**WHAT YOU HAVE TO DO**
Your copy runs from the line containing "Kate Jones in" through the last line of the listing, both included. Restate those lines word for word and leave out pictures.

**PROVIDED DATA**
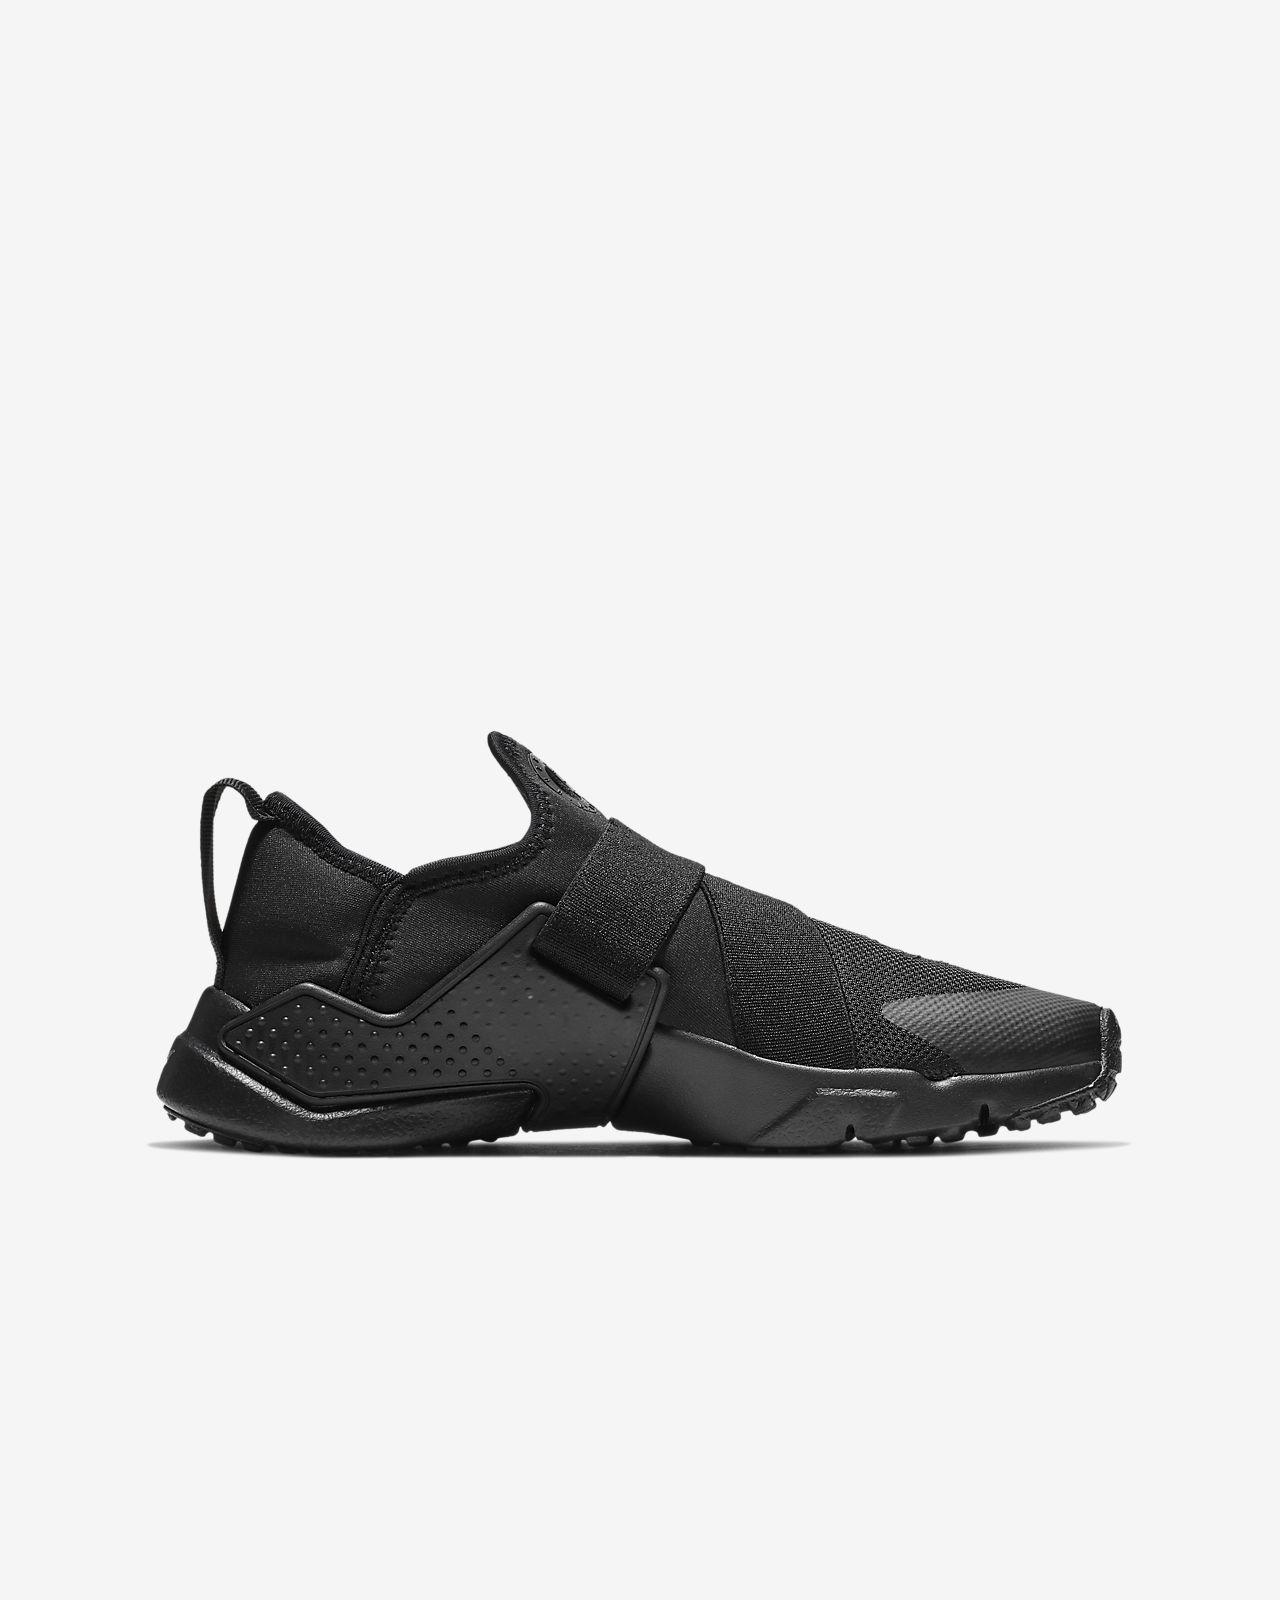 cbffa5e96952 Nike Huarache Extreme Big Kids  Shoe. Nike.com
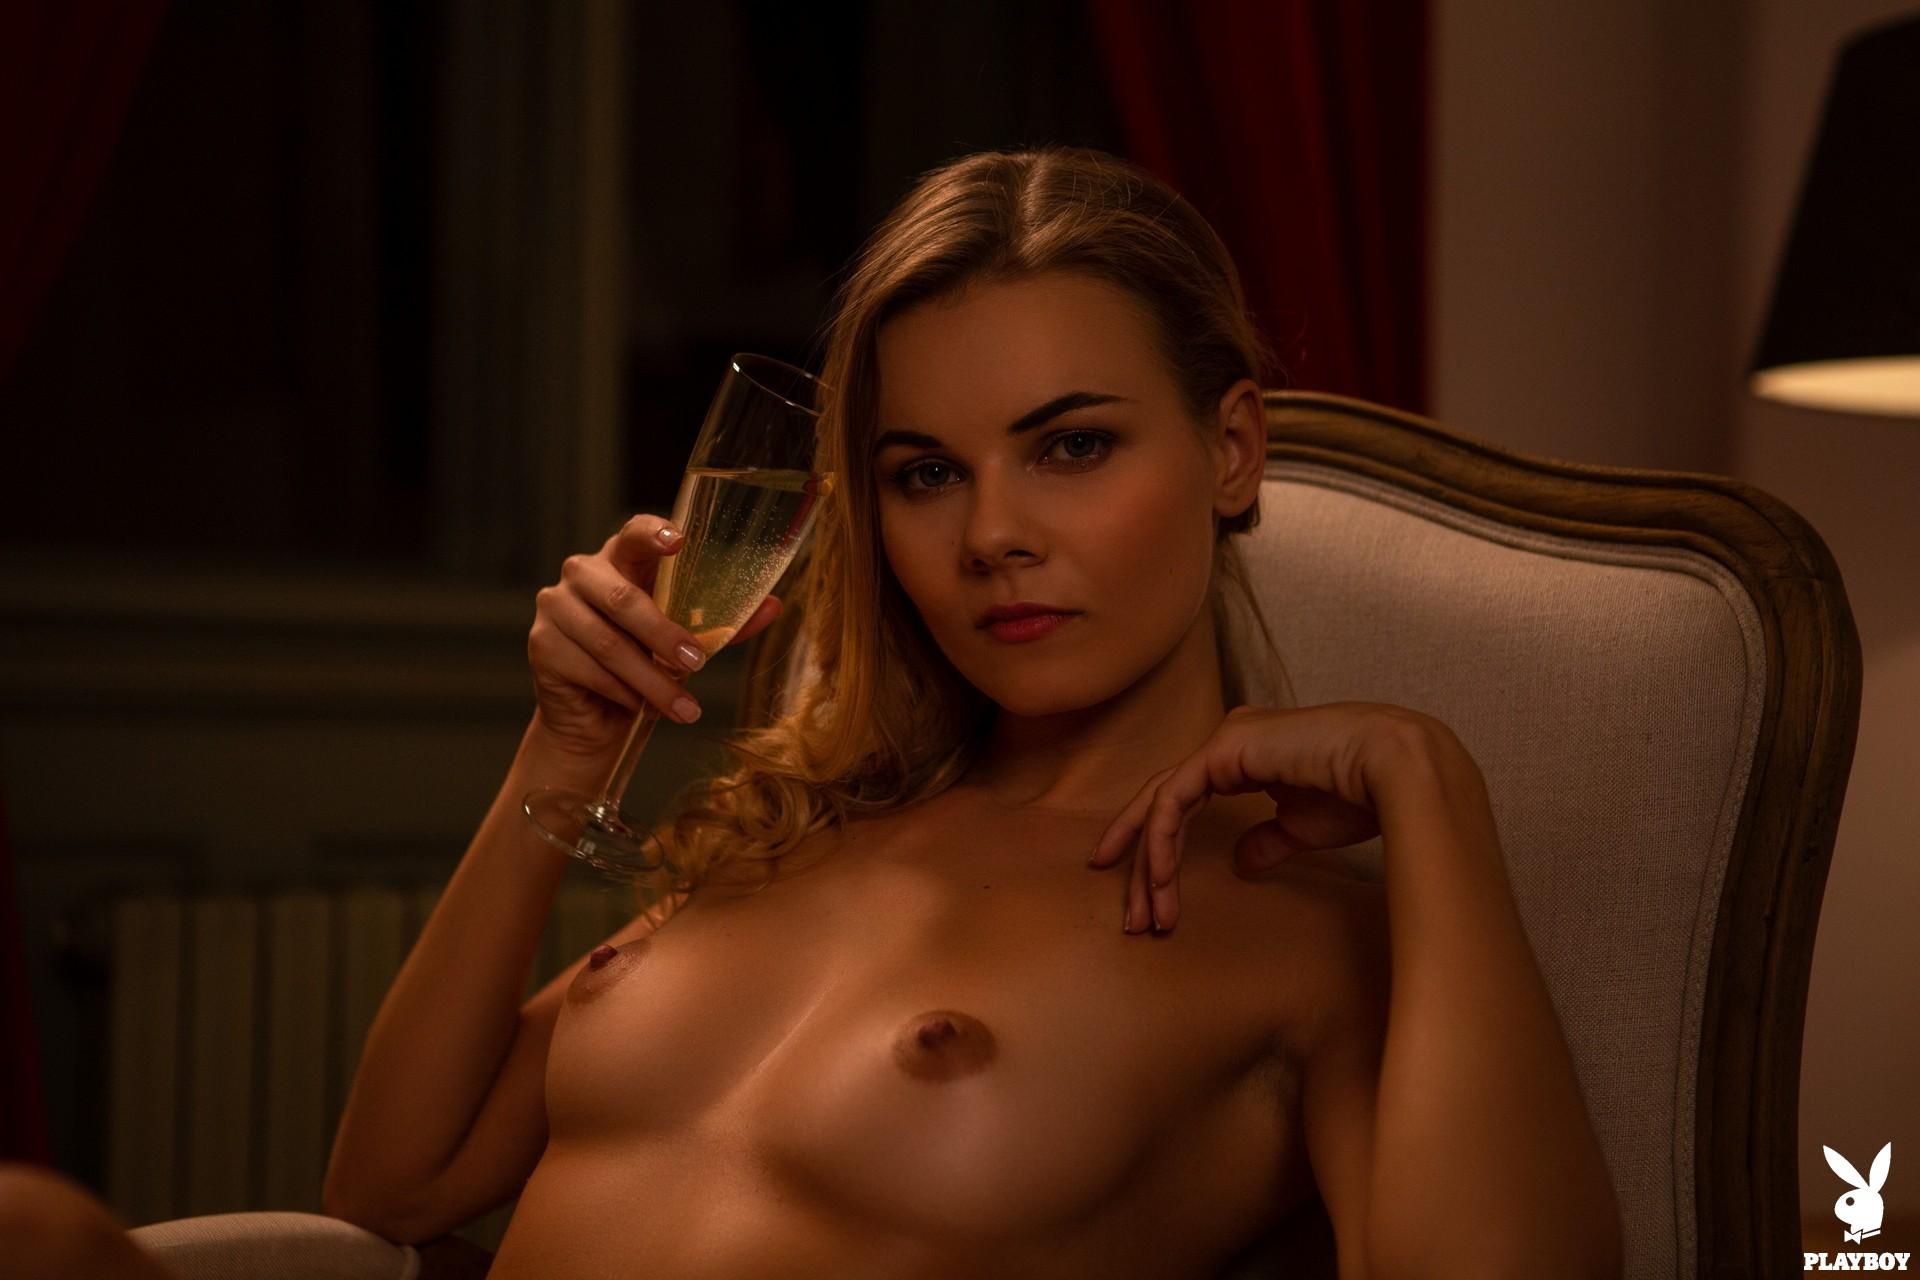 Kate Jones in Exquisite Allure - Playboy Plus 6
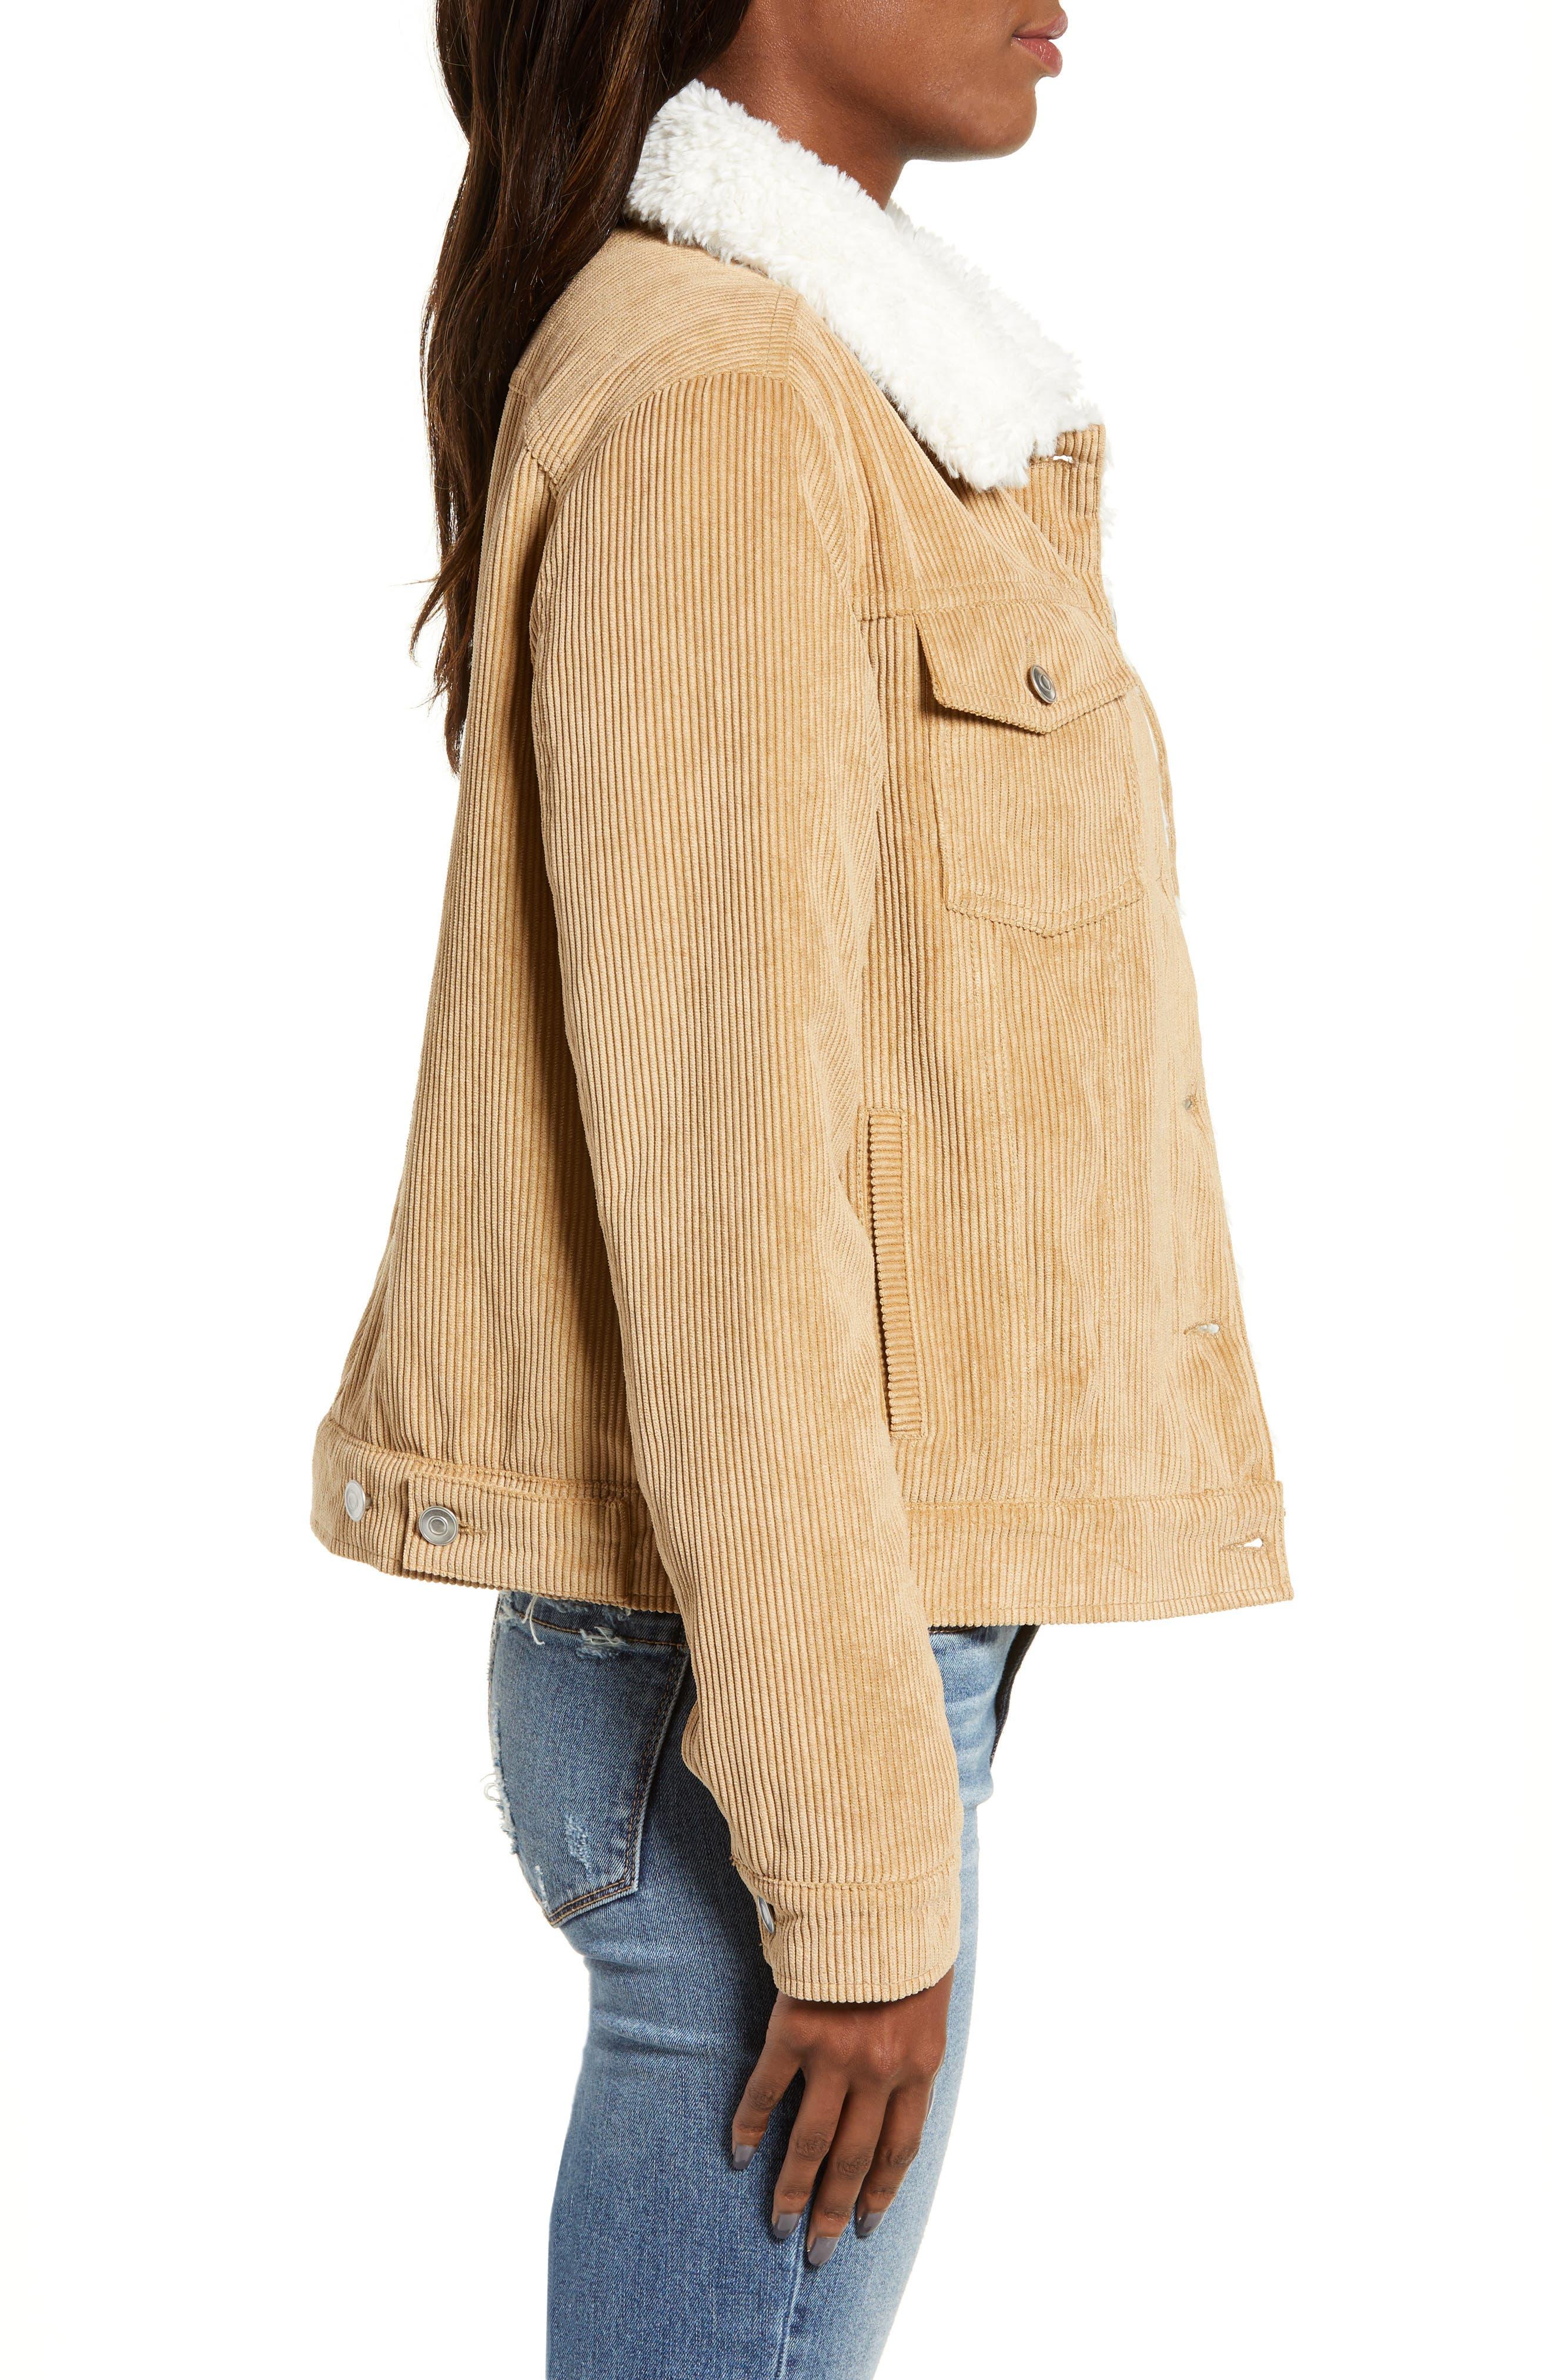 THREAD & SUPPLY, Paddington Fleece Lined Corduroy Jacket, Alternate thumbnail 4, color, KHAKI

**WRITTEN RESPONSE**
 Kate Jones in Exquisite Allure - Playboy Plus 6
 THREAD & SUPPLY, Paddington Fleece Lined Corduroy Jacket, Alternate thumbnail 4, color, KHAKI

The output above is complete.